New Music: January 2020

Here’s a link to the playlist which includes some songs that I didn’t mention here. The play buttons embedded here will play 30-second clips if you’re not logged into Spotify in your browser.

I did a very bad job of discovering new music in 2019. Heck, I did a bad job of listening to music in 2019. Here’s a chart of the total number of songs I’ve listened to and scrobbled to last.fm, organized by year:

Sad, right? I can do better, and I’m going to this year. Here are some highlights from January 2020:

Brand-new music

Clairo — Bags

This is probably my favorite song to come out of 2019. The driving backbeat, soothing vocals, and Gotye-esque melodic line just come together so well. It’s strangely emotional, hitting me in the same way that Miya Folick’s “I Got Drunk” can make me misty before I even realize that feelings are creeping up on me.

Is it cheating to say that this song is brand new when it’s over half a year old? Probably, but I promise the rest of these lists will tighten up that window.

Laumé — Voyeurs

Laumé’s forrays into disco-inspired electronica in her most recent record, Waterbirth, are unforgettable. They refuse to get unstuck from my head. Some other tracks can feel a little off, mostly because of the vocal layering not really coming together for me, but I still highly recommend the record as a whole. This song will definitely be one that I look back on as a favorite from 2020.

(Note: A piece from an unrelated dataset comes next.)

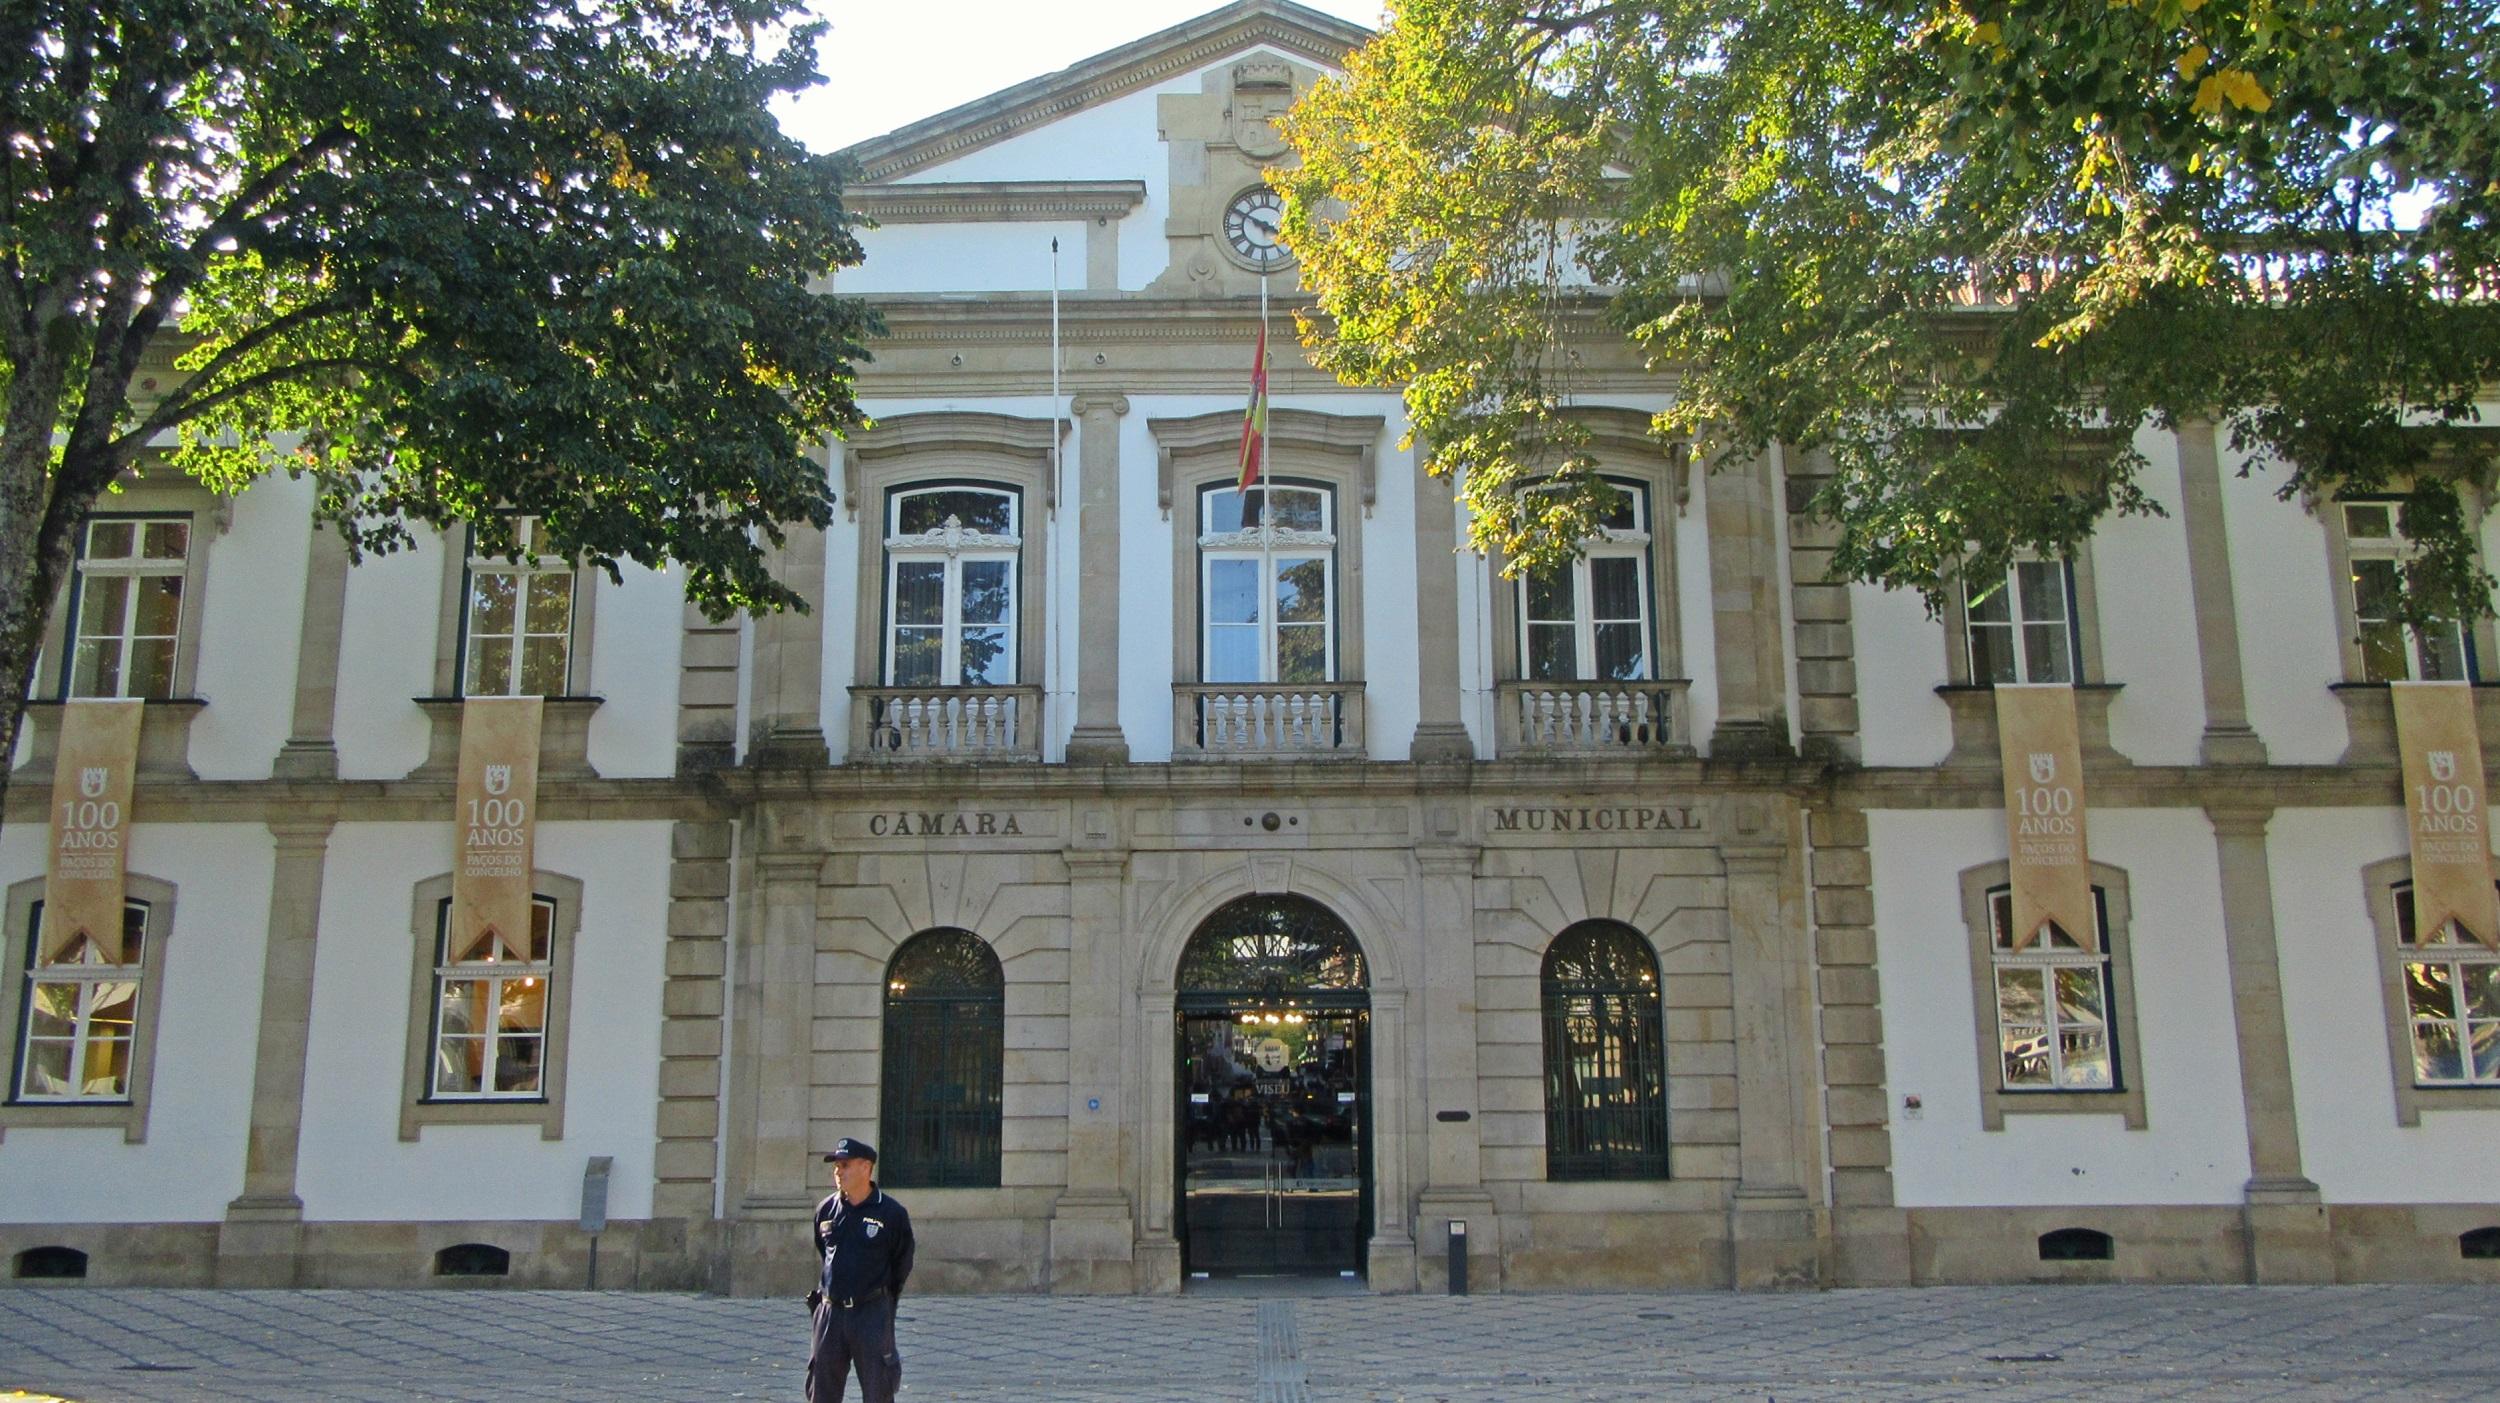 Com dois balcões da CGD encerrados, Câmara de Viseu coloca a zeros as contas bancárias que mantinha no banco público

…And You Will Know Us by the Trail of Dead — Gravity

Ten records! Holy cow!

X: The Godless Void and Other Stories feels like we’re coming back to Indie Metal from a more experimental detour in IX. It’s a good album, but it just doesn’t stand out from the rest of their catalog for me.

Take, for example, this song, “Gravity.” This track seems to call back to “Isis Unveiled” twice: in the group chanting beginning “The torture of eight days straight…” and the descending descending vocal growl at “Oh bloody hell…”

Other Trail of Dead fans I talk to seem not to like “The Century of Self” as much as I do — see its 6.8 on Pitchfork compared to X’s 7.8. But there’s just something about how Century‘s live-recorded style packs a huge punch that I haven’t heard from any other album ever, be it by AYWKUBTTOD or anyone else.

Sea Girls — Ready For More

It’s a pop song. It’s got strings in the background, if you listen close. It will be on the radio. It’s pretty good.

Holy Fuck — Moment

This song would be in a movie if some executive wouldn’t say “Come on, we can’t put that band’s name in the credits.” In reality, it should be at least forever immortalized as the title track to a very good T.V. show.

It almost half the song for the vocals to come in, but the buildup is worth it. This track sits on such a fun edge of danceability — if I heard this playing in a public place, I’d be ready to groove but also sort of frightened.

Discoveries

Alvvays — In Undertow

Alvvays, as always, knocked it out of the park with this song 2017. I heard it on this record when it had come out originally, but didn’t really appreciate it then. The ripping, layered guitar lines come together to build to an engaging final refrain and wrap up so sweetly.

Underworld — I Exhale

Eight minutes!

This song gives me the same feelings that LCD Soundsystem’s more emotional tracks do. Though I don’t find the lyrics as touching, the mechanical rhythm and repeating chords don’t go stale, but get somehow sadder as the song proceeds. The hidden digital distortion combined with falsetto howling don’t sound as bad as the combination of the words “digital distortion combined with falsetto howling” would lead you to believe — it all comes together for a powerful package that you can put on in the background while, I don’t know, washing the dishes and thinking about your life. You know, as one does while listening to LCD Soundsystem.

Eternal Summers — You Kill

Sick riffs and Nicole Yun’s powerful vocal performance make this poppy track inspirational. I should spend more time with this group’s catalog — based on this one track, I’m sure there’s many more hits in there.

As I write this, this track has around 200,000 plays on Spotify, which seems like an actual crime. Eternal Summers should be playing this song in a stadium, where the guitar will kick in and roll out to the lawn seats like a scene from Scott Pilgrim vs. the World.

Siouxsie and the Banshees — Into The Light

How had I never listened to Siouxsie and the Banshees? What instrument even is that in the verse? How did this sound even exist in 1981?

A music critic referred to NAVVI as synth-pop, which I don’t think quite fits. They’re like… dark electronica with indie roots. They’re like if The XX had a goth phase. They’re so good, especially this track.